**DATA**
=-=-=-=-=

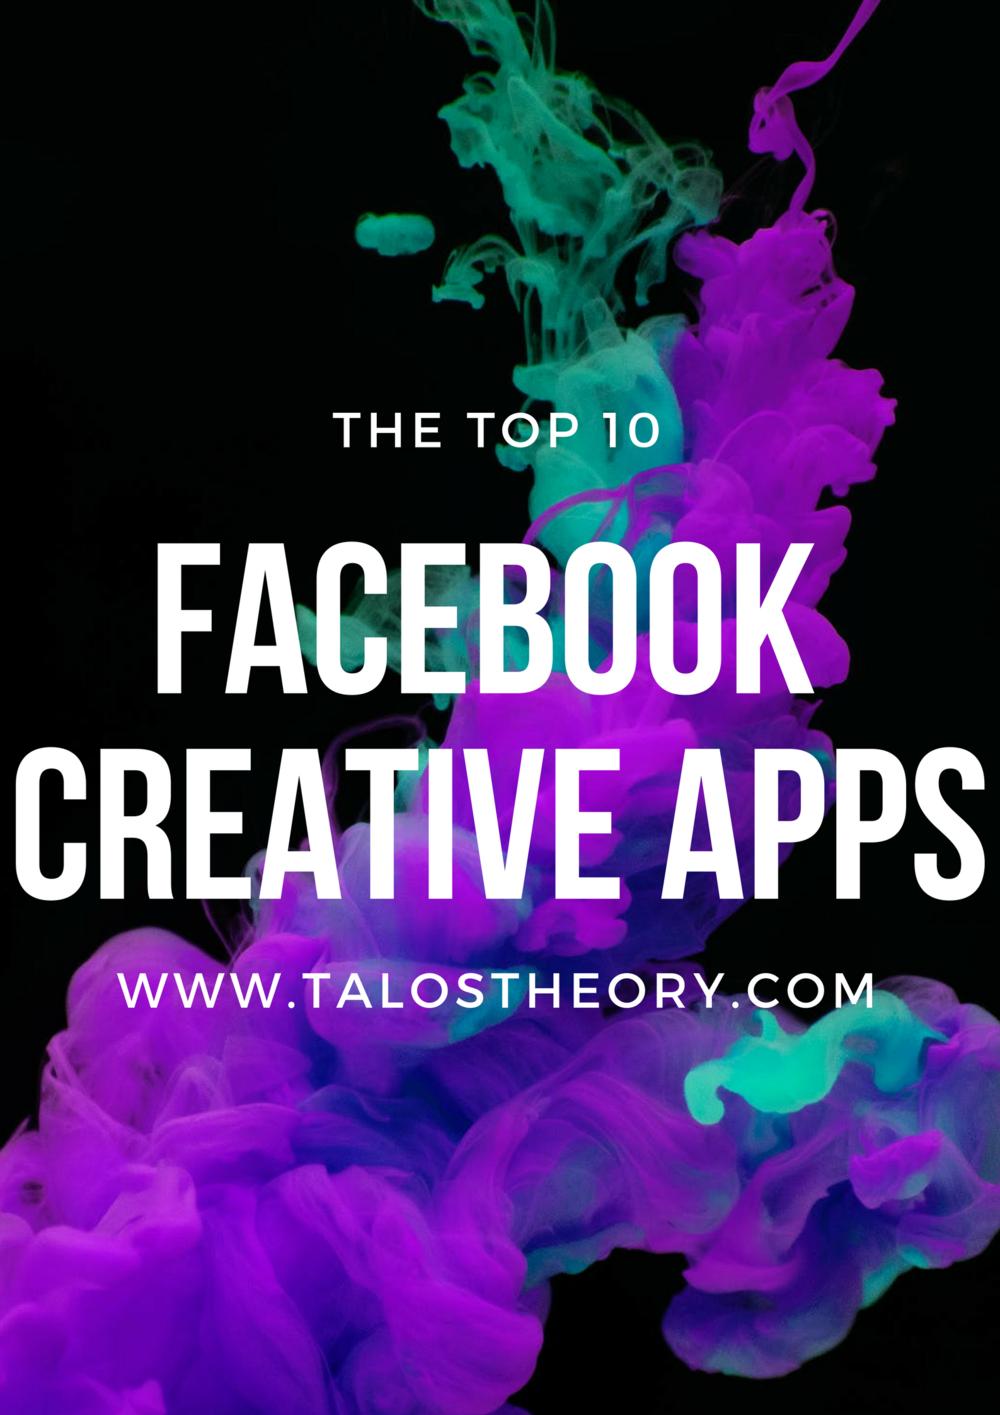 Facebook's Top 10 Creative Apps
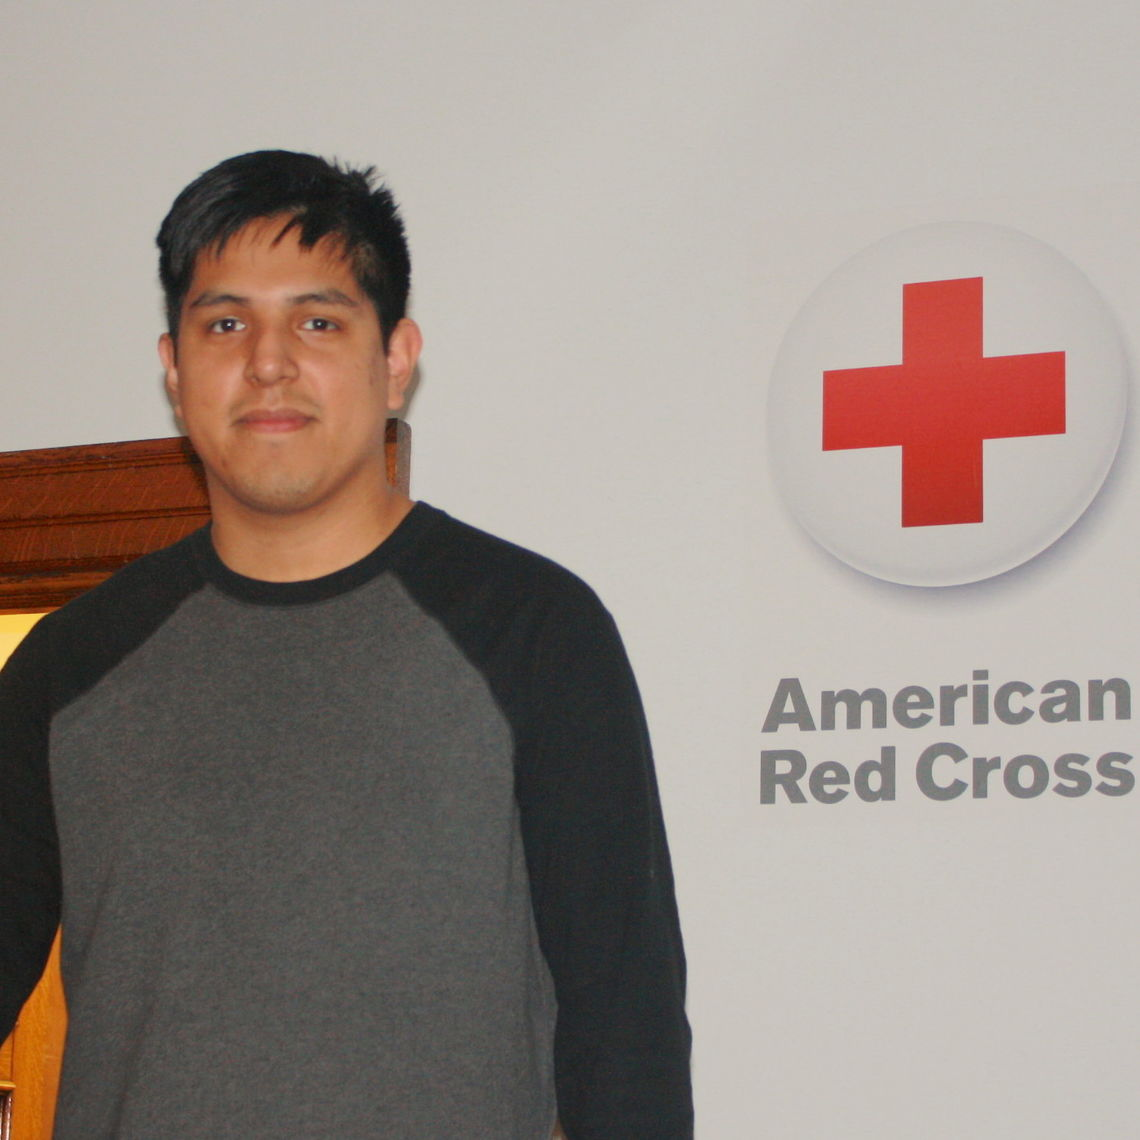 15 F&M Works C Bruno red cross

=-=-=-=-=

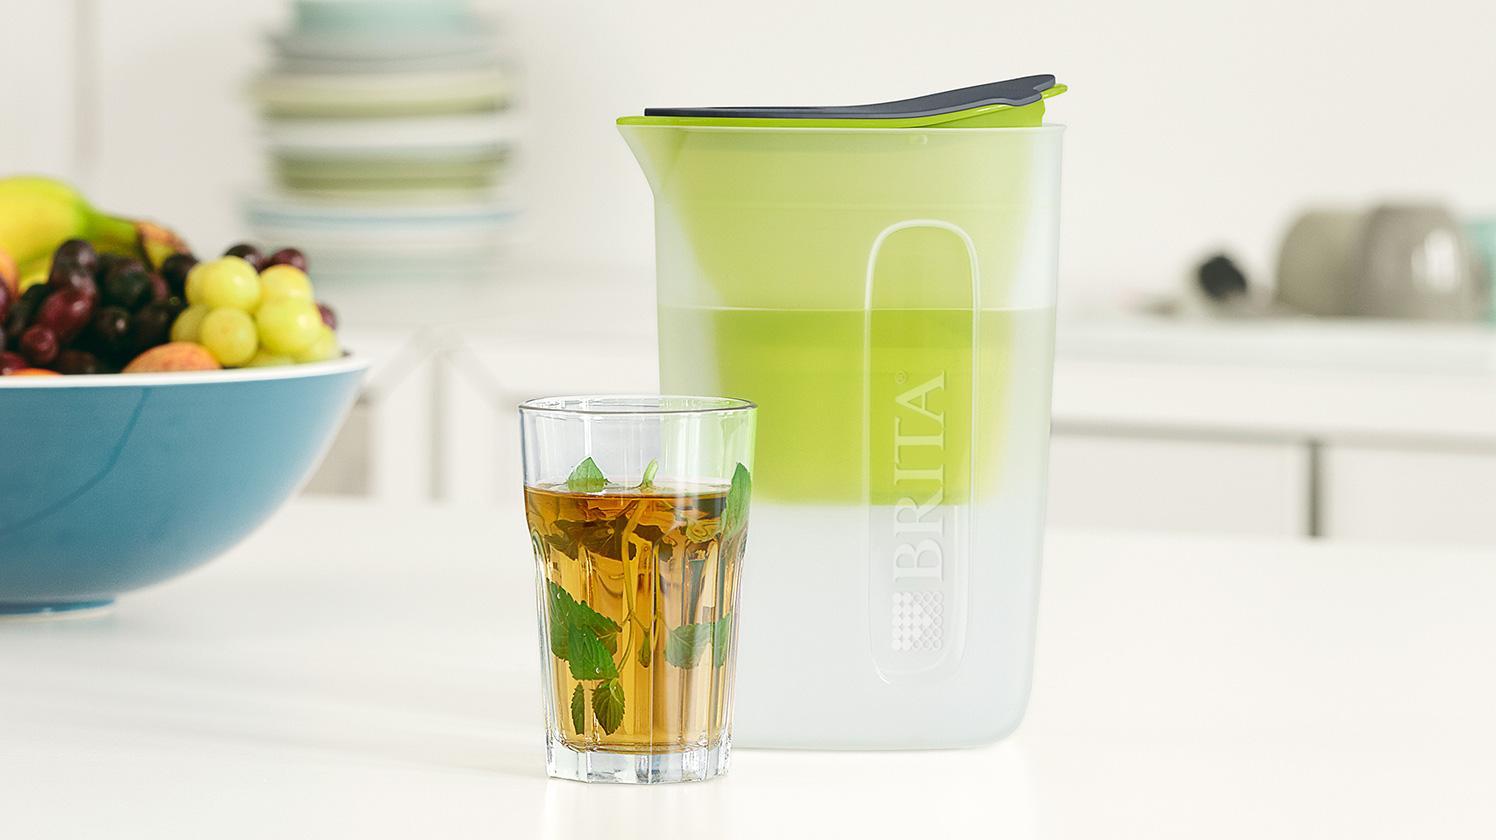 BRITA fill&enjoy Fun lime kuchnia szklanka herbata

=-=-=-=-=

**PROMPT**
Write out word for word the lines above that run from the one with "Facebook's Top 10 Creative Apps" to the one with "15 F&M Works C Bruno red cross". Include both end lines; exclude the images.

**RESPONSE TO THE TASK**
 Facebook's Top 10 Creative Apps
 15 F&M Works C Bruno red cross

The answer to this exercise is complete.